** Opening DATA SECTION block **

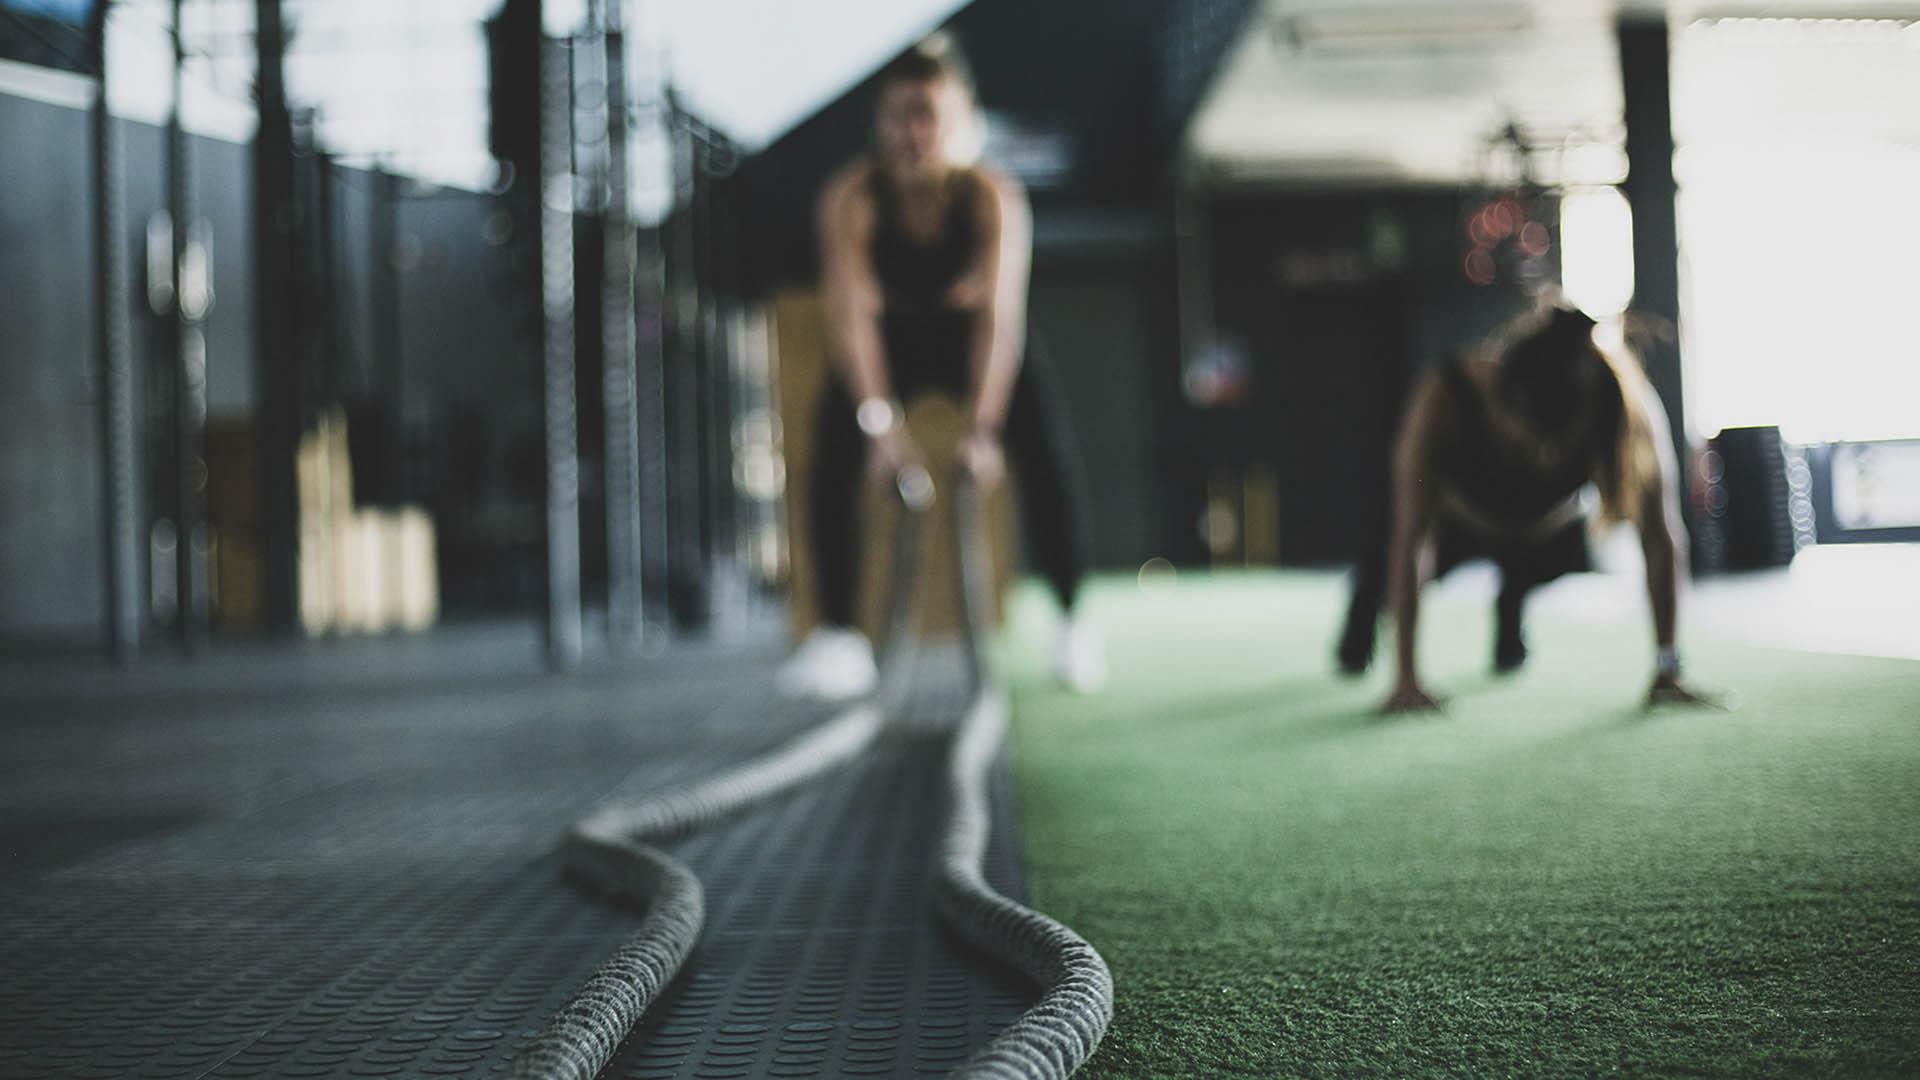 La digitalización del fitness y los modelos low cost con Jairo Fernández
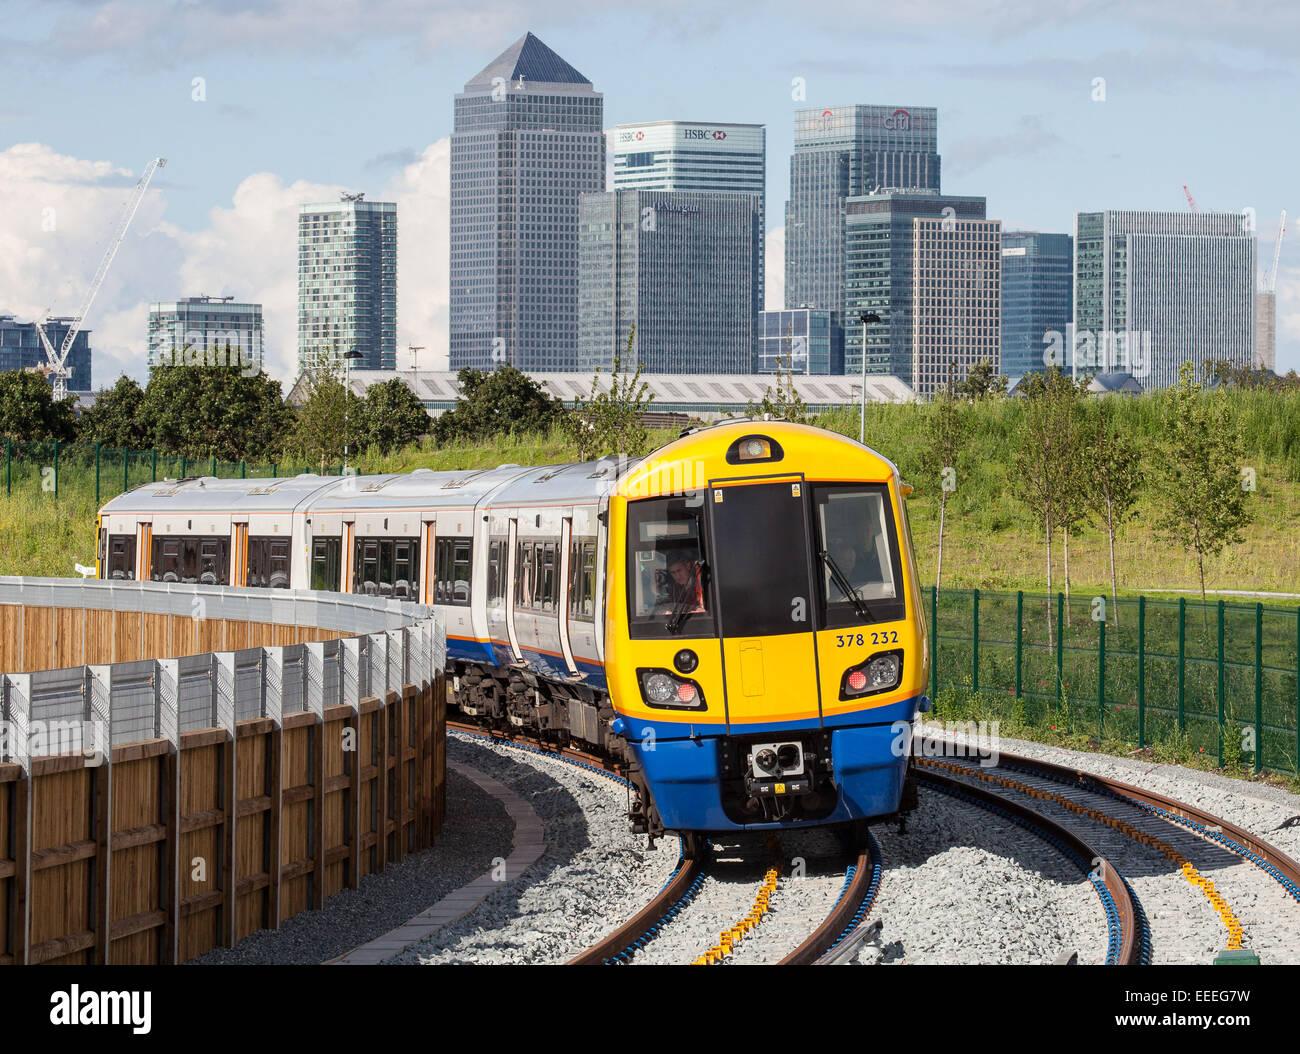 Londres ELLP superficial - Fase 2: La primera prueba sobre la vía de tren Imagen De Stock
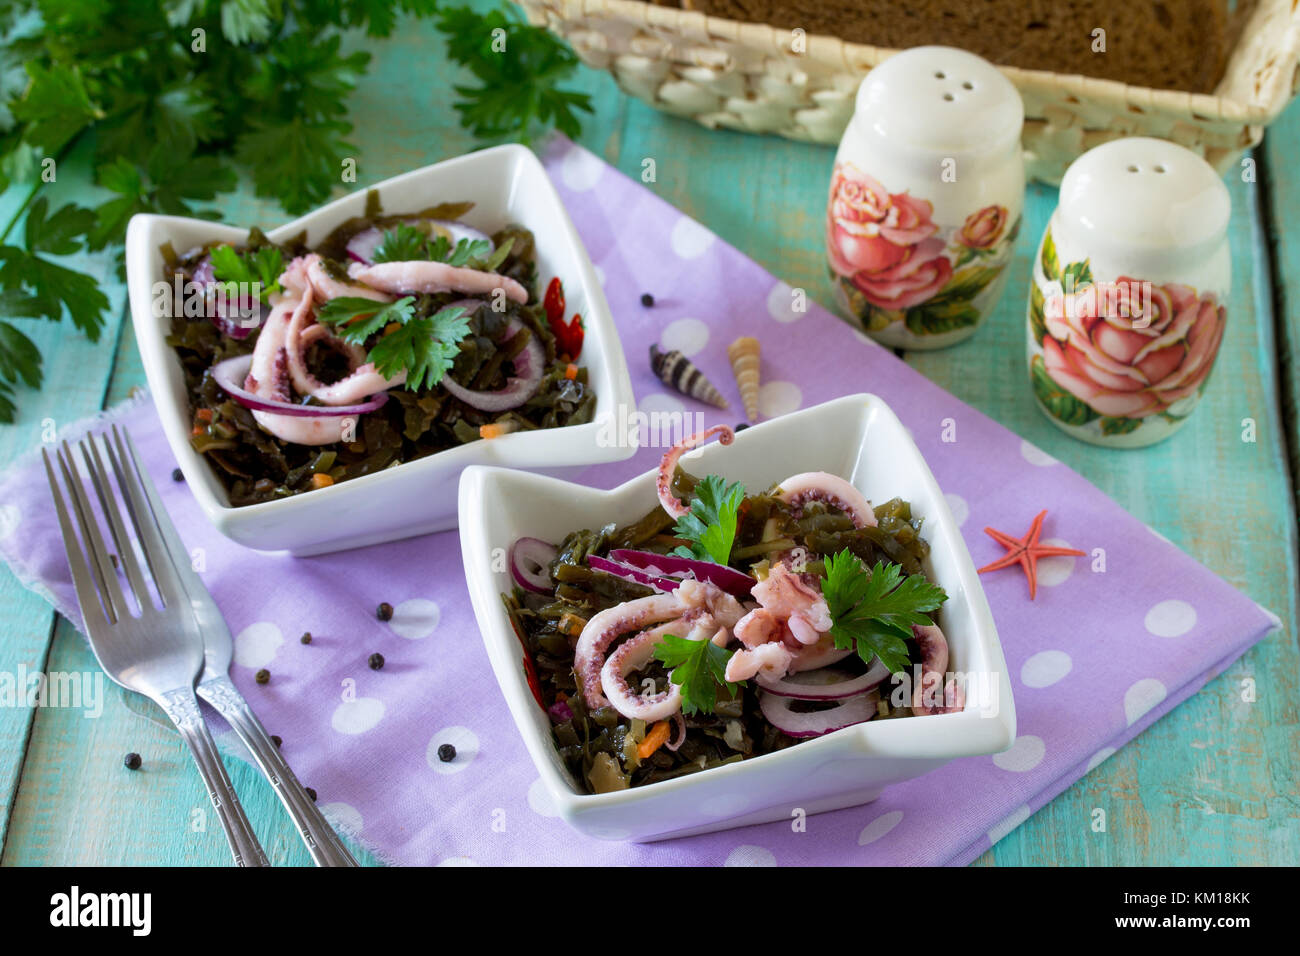 Hausgemachte Snacks auf dem festlichen Tisch. Salat mit Octopus und Meer Kohl. Stockbild
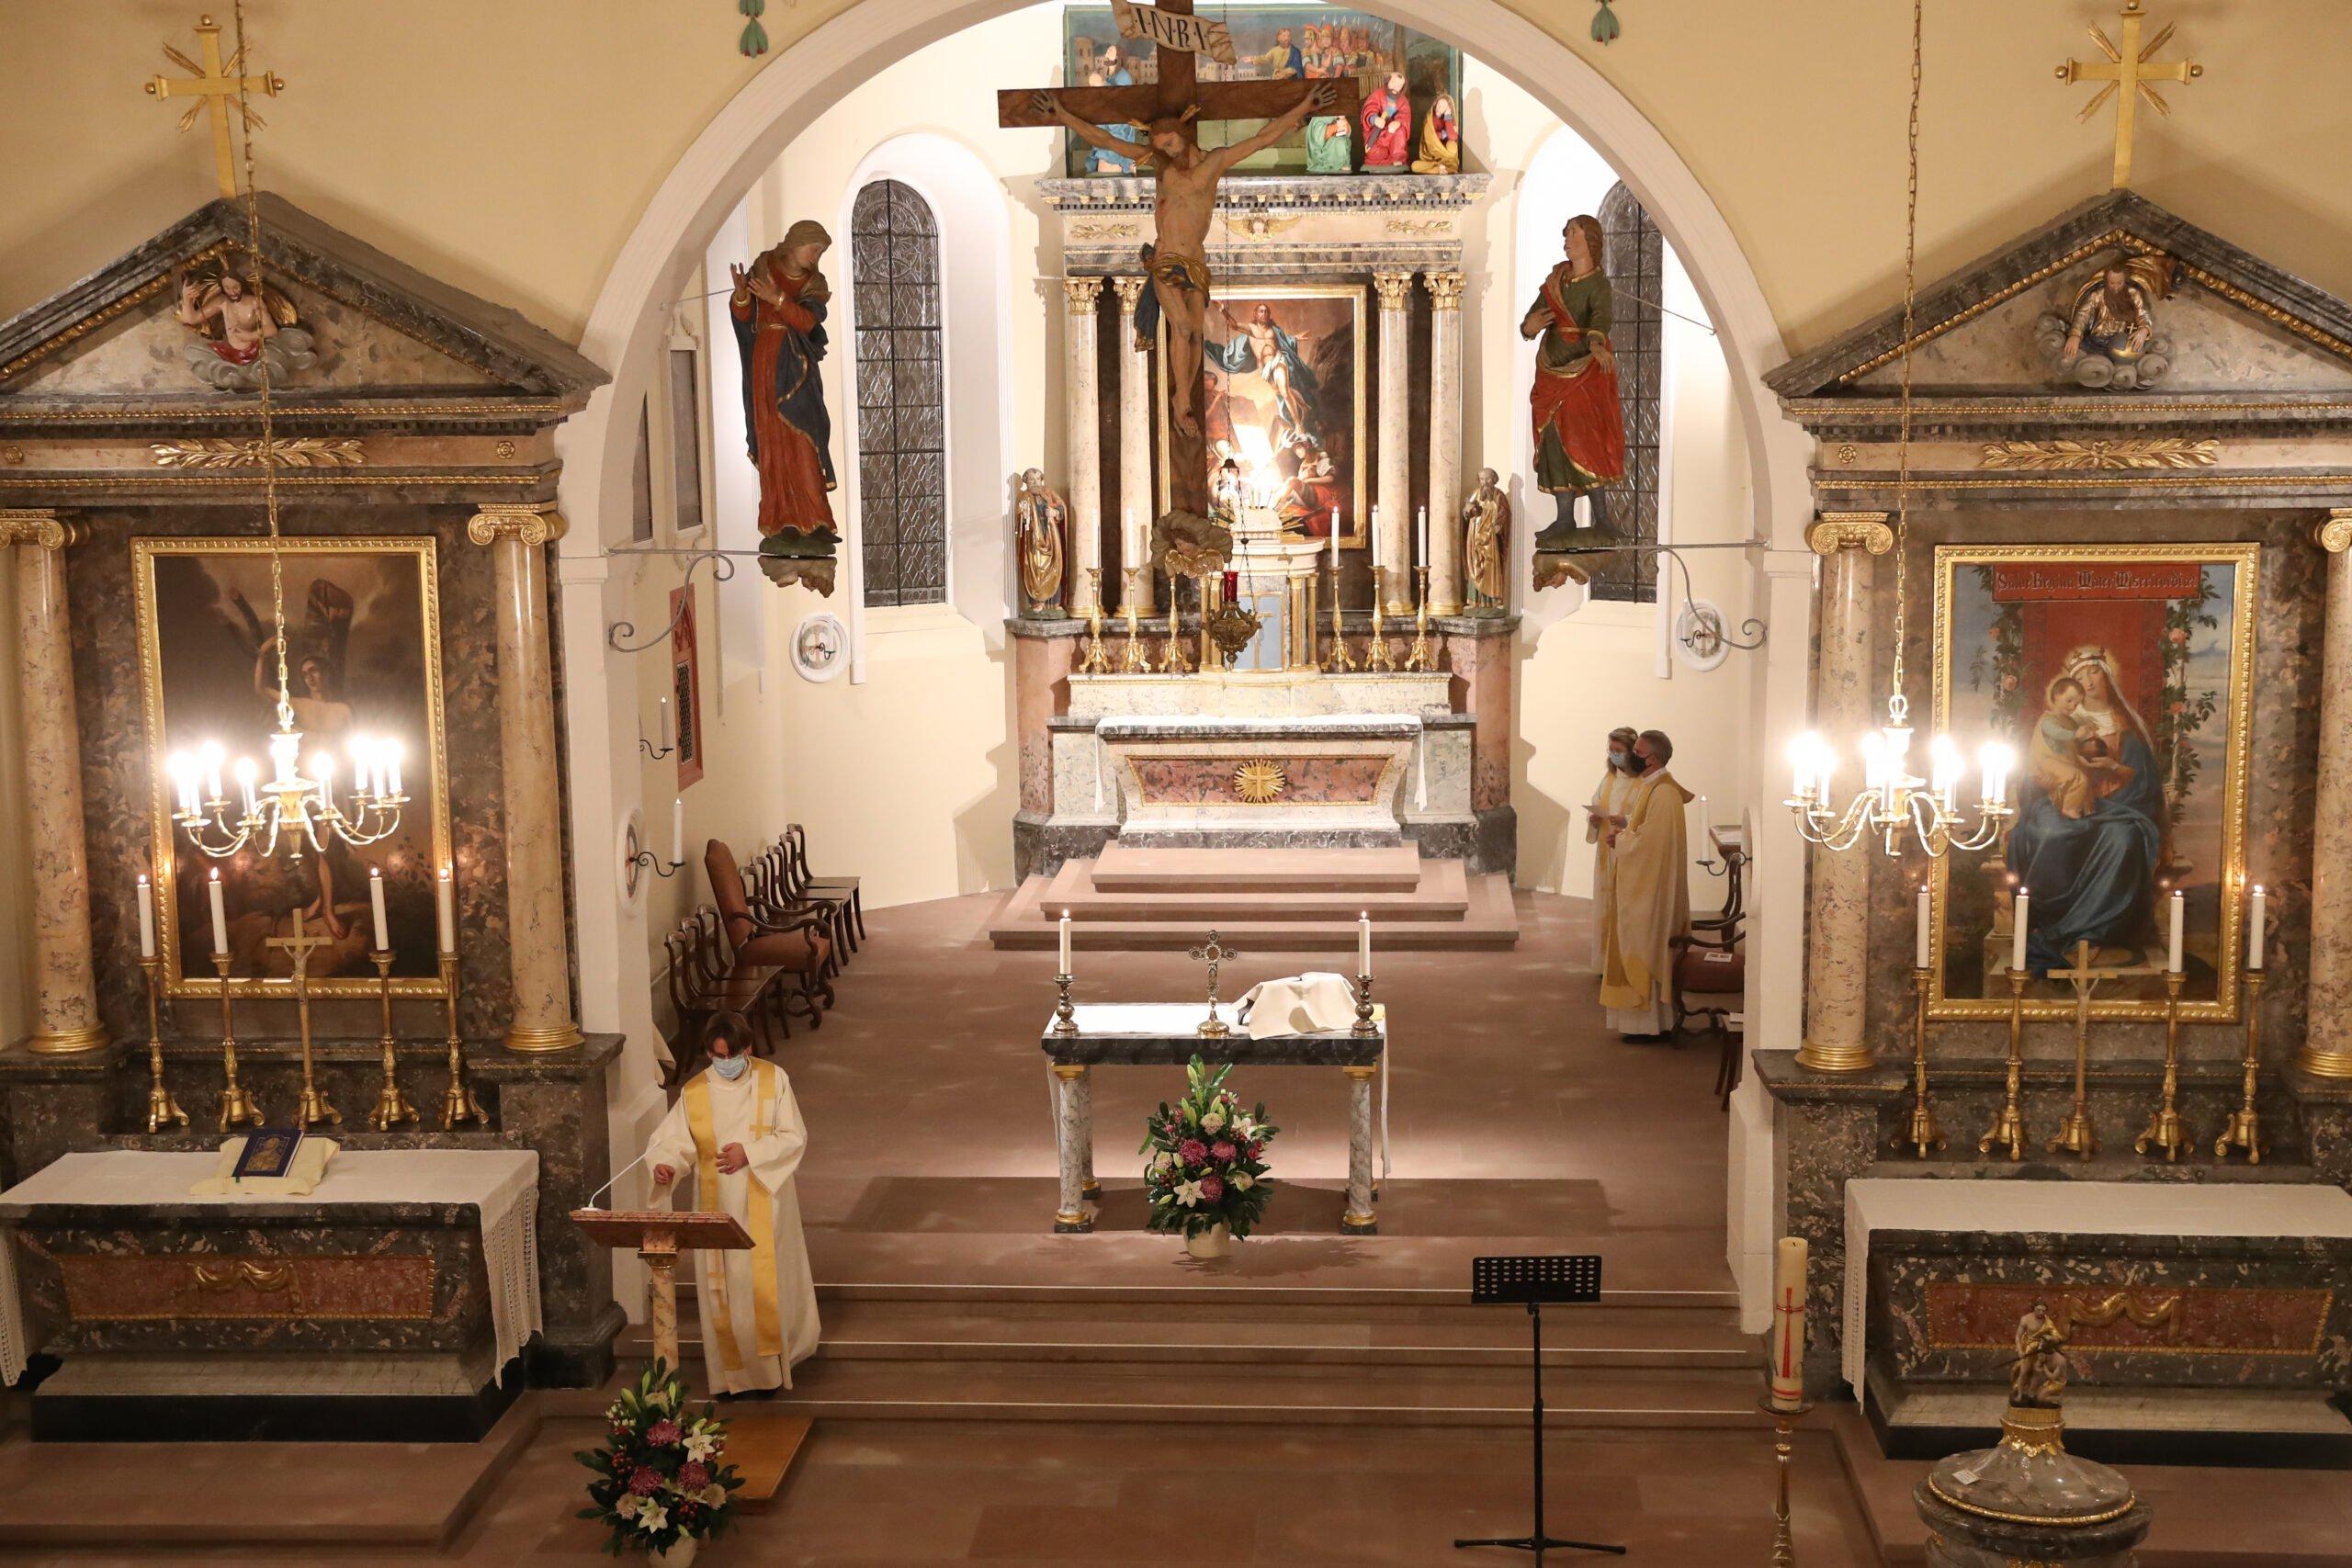 Kirchenrestauration 2020 Alte Dorfkirche St. Peter & Paul in Allschwil - Wiedereinweihung 21.&22.11.2020

** Closing DATA SECTION block **

→ EXERCISE DETAILS
Reproduce the whole listing verbatim and keep all pictures out of it.

→ SOLUTION TO THIS PROBLEM
 La digitalización del fitness y los modelos low cost con Jairo Fernández
 Londres ELLP superficial - Fase 2: La primera prueba sobre la vía de tren Imagen De Stock
 Hausgemachte Snacks auf dem festlichen Tisch. Salat mit Octopus und Meer Kohl. Stockbild
 Kirchenrestauration 2020 Alte Dorfkirche St. Peter & Paul in Allschwil - Wiedereinweihung 21.&22.11.2020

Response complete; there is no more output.